Debate began last week in the case of a Lake Havasu City man convicted on felony charges in the alleged drive-by shooting of a television personality’s son.
Members of the jury say they regret their guilty verdict in the shooting of California resident Garrett Dotson, the son of A&E Network’s “Storage Wars” host Dan Dotson. But according to prosecutors, 22-year-old Garrett Wilder had his day in court.
There’s no easy part to serving on a jury. To justify a criminal conviction, a jury must believe that the state of Arizona has proven a defendant’s guilt - such that no reasoning person could ever question it. But when the persons questioning that decision are the jurors themselves, it may raise another legal argument altogether.
Two weeks ago, Deputy Mohave County Public Defender Paul Amann filed a motion for a new trial in Wilder’s case after four jurors came forward to express doubt as to their own verdict. When deliberating on last month’s trial, Amann says 10 members of Wilder’s jury were in favor of acquitting him on charges including drive-by shooting and aggravated assault. Amann said in his motion that the jury forewoman Susan Kokkinen convinced her fellow jurors to convict Wilder on the charge of drive-by shooting, believing the sentence for the crime would be less than that of aggravated assault.
The penalty for aggravated assault under Arizona statute is 5-15 years in prison. The penalty for drive-by shooting is 7-22 years in prison. According to Amann, the jury would likely have rendered a full acquittal if they had known the difference, and Kokkinen’s suggestion to her fellow jurors was in itself an act of juror misconduct.

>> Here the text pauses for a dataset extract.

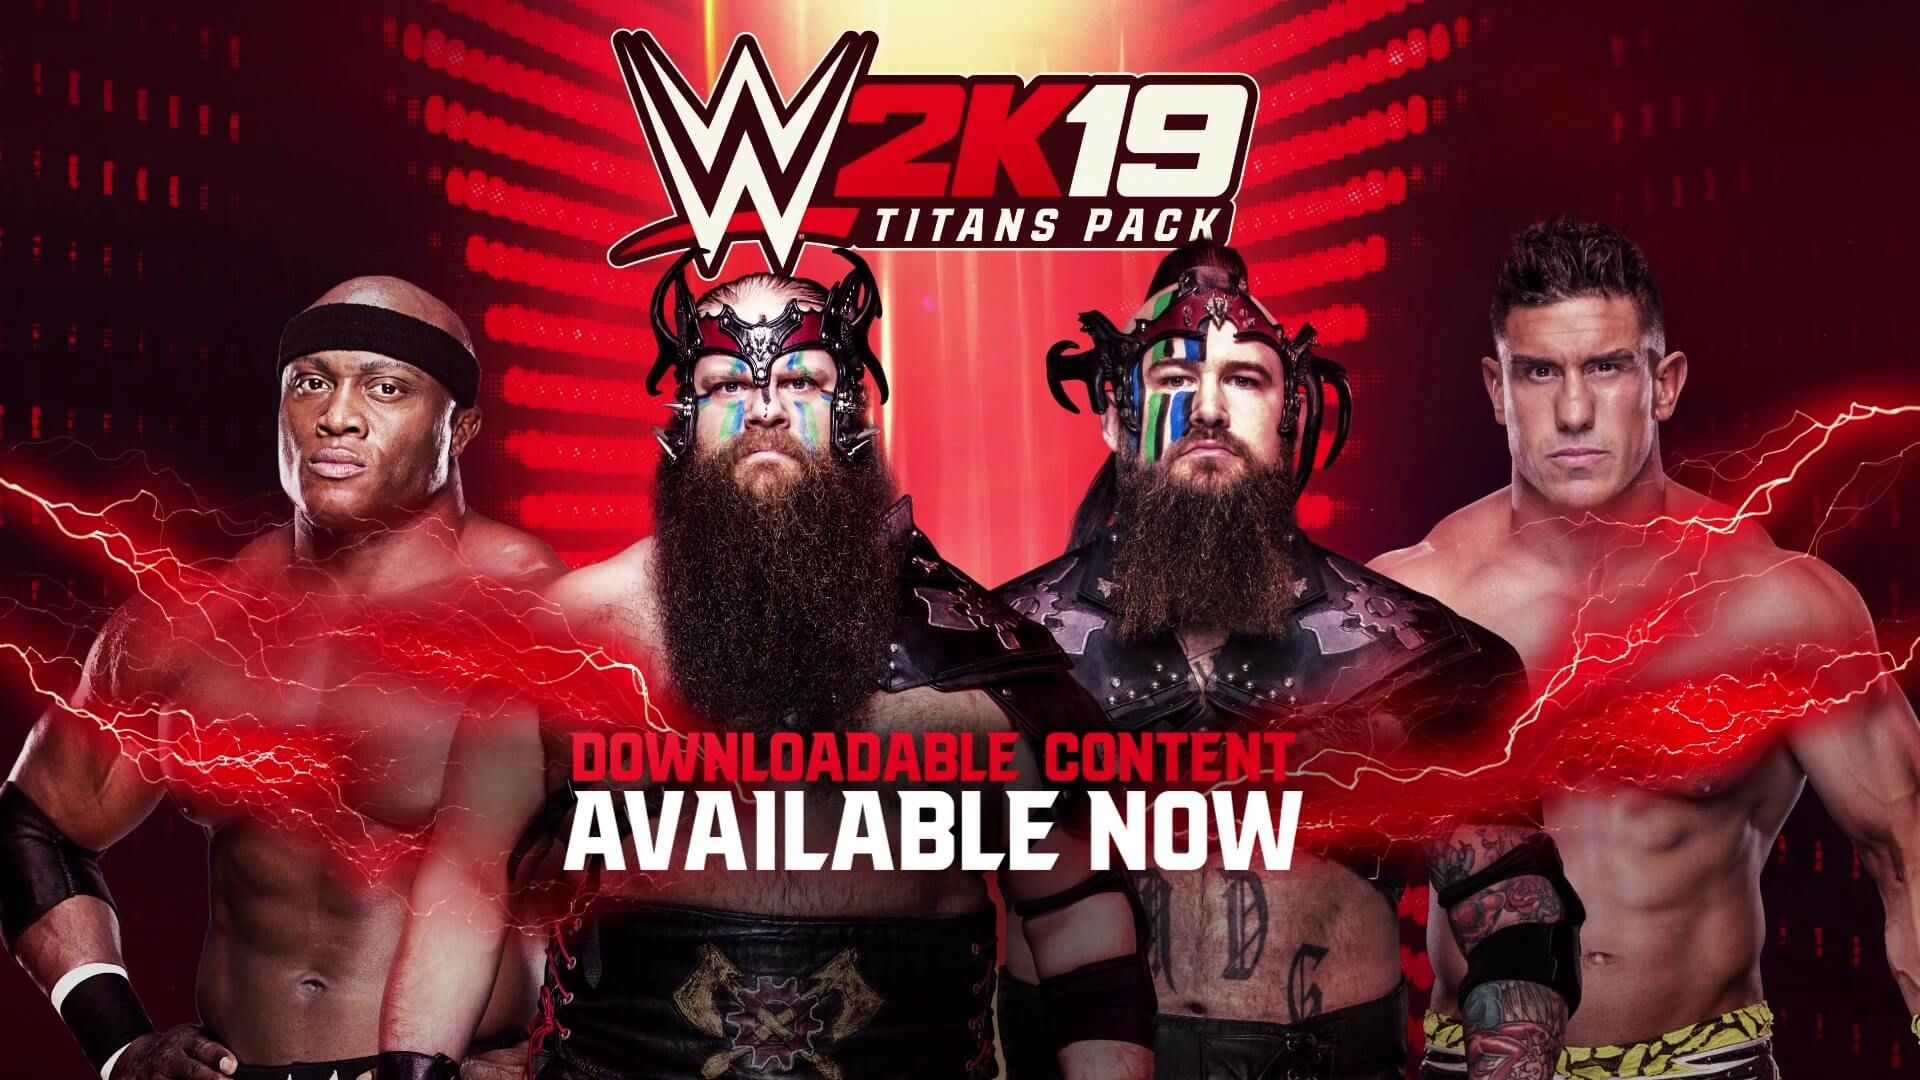 titans-pack-wwe-2k19
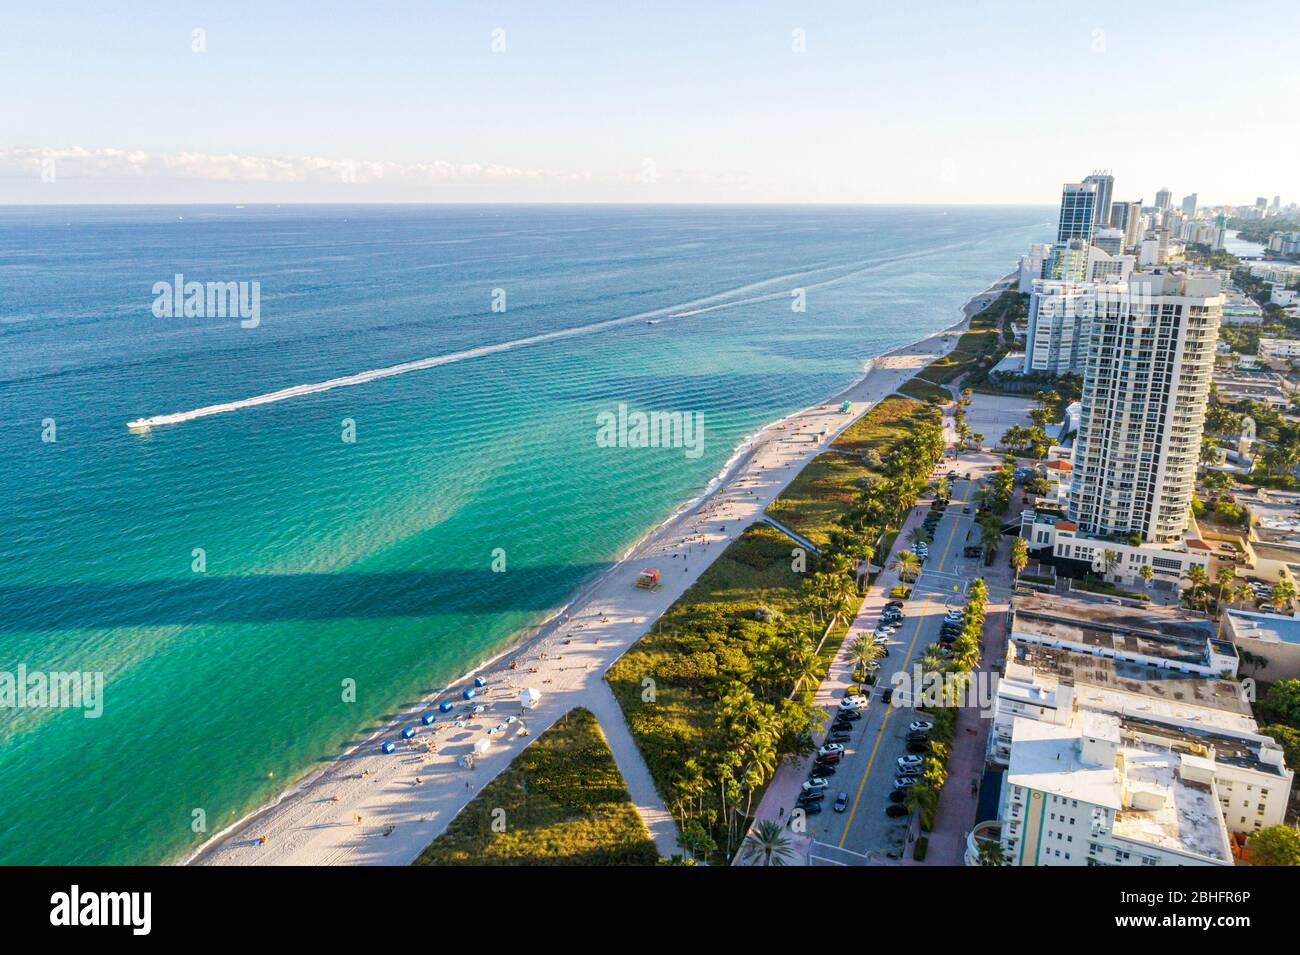 Florida Miami Beach Océano Atlántico público aérea vista aérea Vista sobre North Beach arena agua surf residencial de gran altura edificio de condominios Foto de stock

Deputy Mohave County Attorney Kellen Marlow filed an argument Friday against Amann’s motion for a new trial. According to Marlow, Kokkinen’s alleged statements during jury deliberations do not in themselves justify a new trial in the case. The jury was instructed by the court not to consider sentencing in the case when reaching its verdict - but according to Marlow, the jury’s apparent failure to obey the court’s instruction is also not justification for a new trial under Arizona statute.
“The defendant has failed to show jury misconduct sufficient to warrant a new trial,” Marlow wrote in his argument. “His motion should be denied.”
The shooting took place Sept. 13, 2020, while Dotson was staying in a rental home on the 2100 block of Injo Drive. According to police statements, Dotson had returned to the residence after an evening with friends, and was standing in front of the location with an acquaintance when Wilder drove past the rental property. Police said that Wilder shouted at Dotson from the window of his vehicle, and told Dotson to “go back where he came from.”
Wilder later testified at his trial that he said nothing of the kind.
Police said that Dotson approached Wilder’s vehicle to confront him, and Wilder shot the victim from the vehicle’s window before leaving the scene.
Emergency first responders transported Dotson to Havasu Regional Medical Center, before he was flown to a Las Vegas hospital for life-saving medical treatment.
The search for Dotson’s shooter ended one day later, when a witness to the incident came forward and identified Wilder to police.
According to the police report, Wilder told detectives when questioned that he believed Dotson and his companion intended to harm him at the scene, and attempted to pull open the door of his vehicle. Wilder allegedly told detectives - and later his jury - that he shot the victim in self defense.
Sentencing in the case is now set for Dec. 20. The court is scheduled to hear attorneys’ arguments for and against Amann’s request to overturn Wilder’s conviction on Dec. 1.